Professional Service Agreement

Week In Review

October 05, 2015

Requesting FMLA leave does not give an employee greater protection against firing for reasons unrelated to FMLA
A federal appeals court has determined that a customer service representative who was fired for performance issues during the same period of time in which she requested leave under the Family and Medical Leave Act (FMLA) to care for her child could not support her FMLA discrimination claim. The court’s dismissal of the claim was based on the fact that the employee was unable to show that the reason set forth by the company for her discharge — multiple shipping errors within a 17 day period – was a pretext for discriminatory treatment based on her request for leave. One critical point raised by the court was that the company’s explanation for the employee’s firing remained constant throughout the process. Because the company documented the performance issues, and remained constant in its assertion of those issues as the basis for the employee’s firing, it was able to overcome the employee’s pretext argument.
Requesting FMLA leave does not give an employee greater protection against firing for reasons unrelated to FMLA. However, when an adverse employment action is considered against an employee who ultimately may assert a legally protected status — including FMLA protection — attention should be paid to the existence of supporting documentation, the objective factual background, and the consistent application of discipline.

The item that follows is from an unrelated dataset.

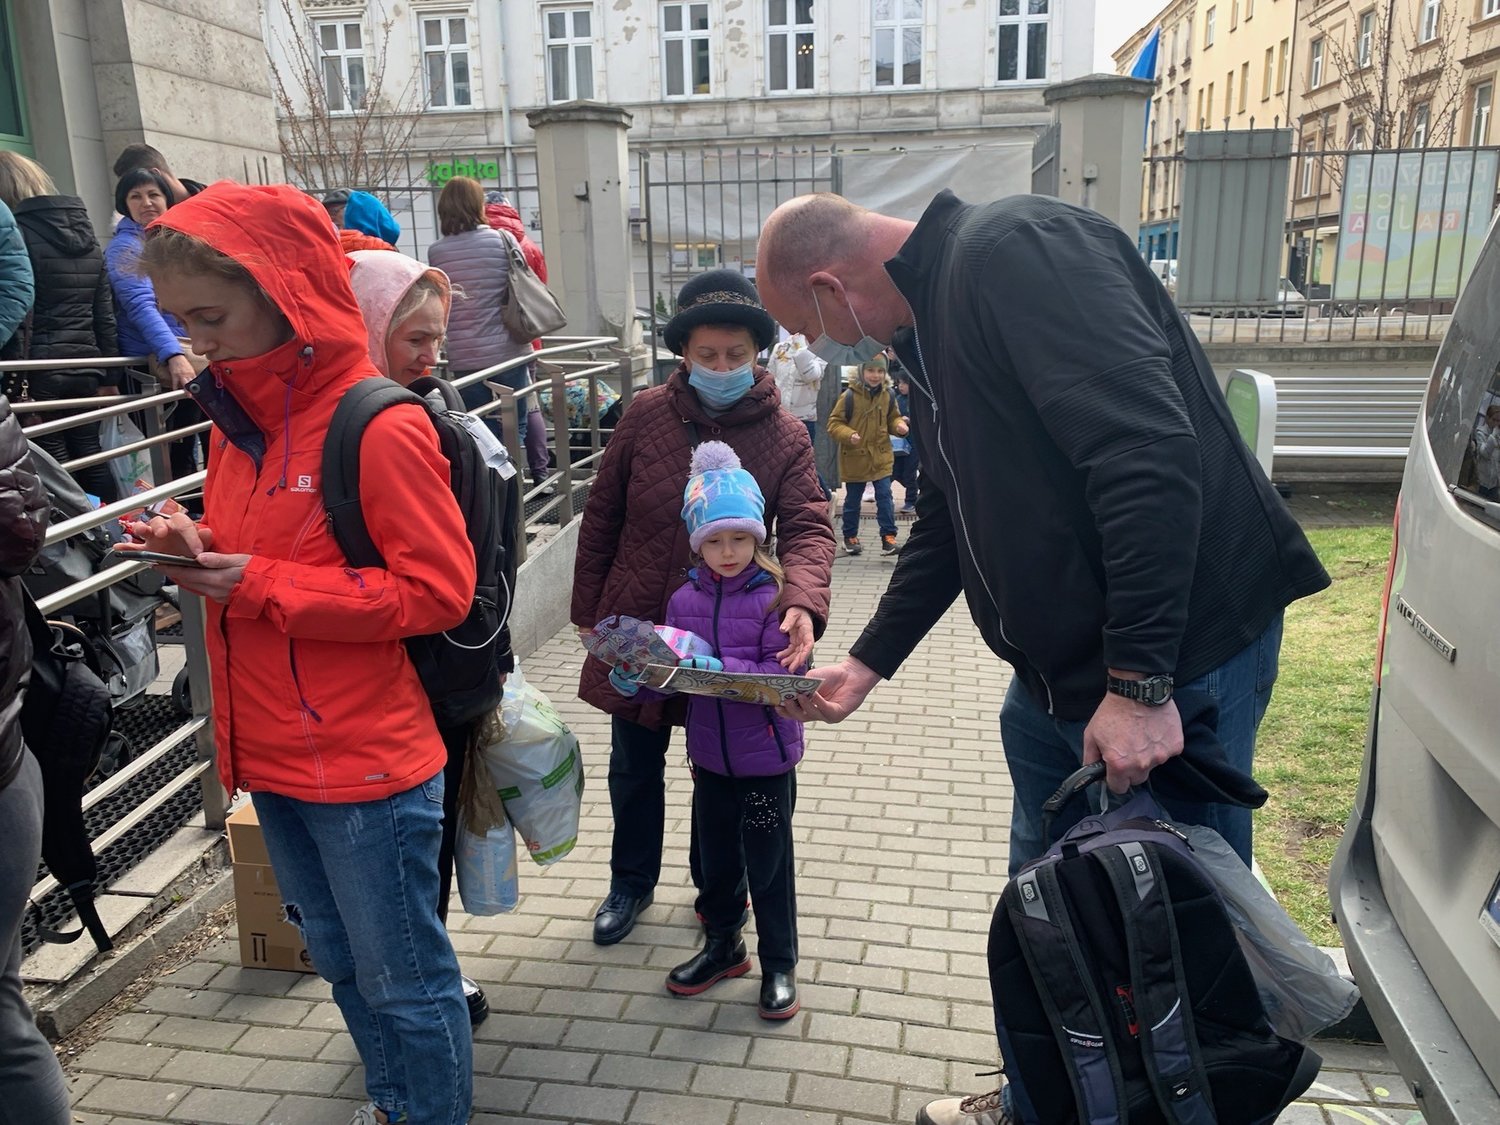 Rabbi Ari Goldstein handed a coloring book to a refugee child arriving at the JCC in Krakow, Poland.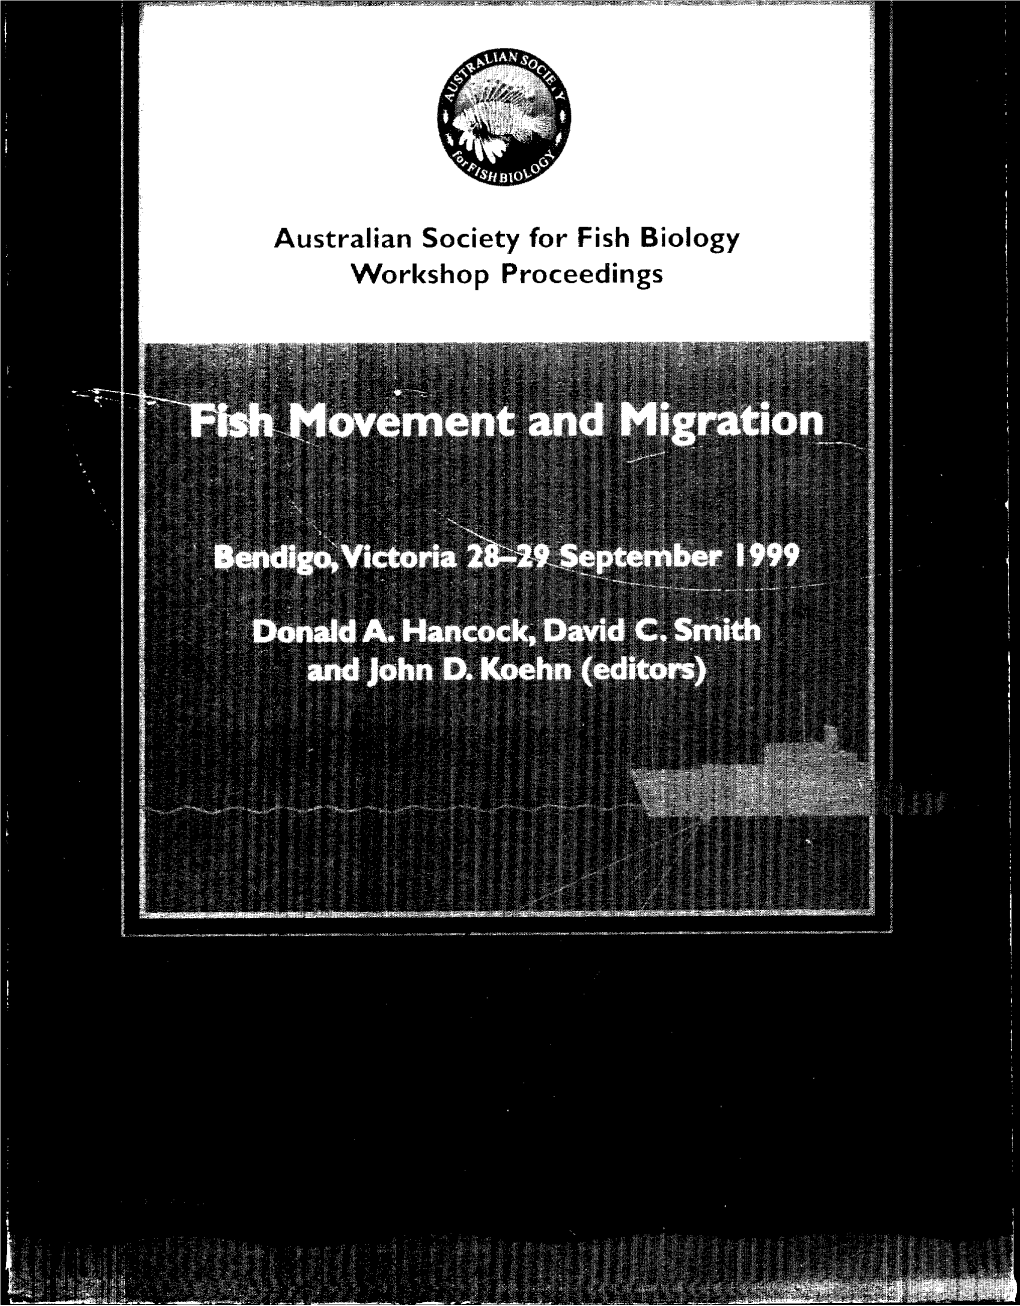 Fish Movement and Migration

NLRB holds restrictions on employee communications during non-working time violate the NLRA
The National Labor Relations Board (NLRB) has held that certain provisions of a media giant’s Code of Conduct unlawfully interfered with the right of employees to engage in concerted activity in violation of the National Labor Relations Act (NLRA). The NLRB held that the restrictions relating to “solicitation and fundraising,” which prohibited employees from using the company’s communications system for distributing materials to one another even during non-working time, violated the NLRA. The NLRB also held that the “prohibited activities” section also violated the NLRA; this section prohibited employees from using company email to communicate with each other on behalf of outside organizations in ways that might cause the company “embarrassment.” In the decision, the NLRB stated that employers should now be well aware that they cannot completely ban all employee use of company email systems for purposes that, in management’s view, are not necessarily conducive to the organization’s business goals.

EEOC sues retailer for disability bias
According to a complaint filed by the EEOC last week, a Texas jewelry retailer allegedly refused to provide a reasonable accommodation to an employee with degenerative disc disease and fibromyalgia, and then terminated her. The employee had recently taken medical leave and returned to work with restrictions that she take sitting breaks. The employee notified her employer that she needed to sit for 15 minutes every hour as an accommodation for her disability. The employer denied the request, and insisted that she stand her entire work shift. When the employee did not, she was fired. When a qualified employee with a disability is ready and willing to work, the employer has a legal duty to provide a reasonable accommodation to make that employment possible unless the employer can show undue hardship.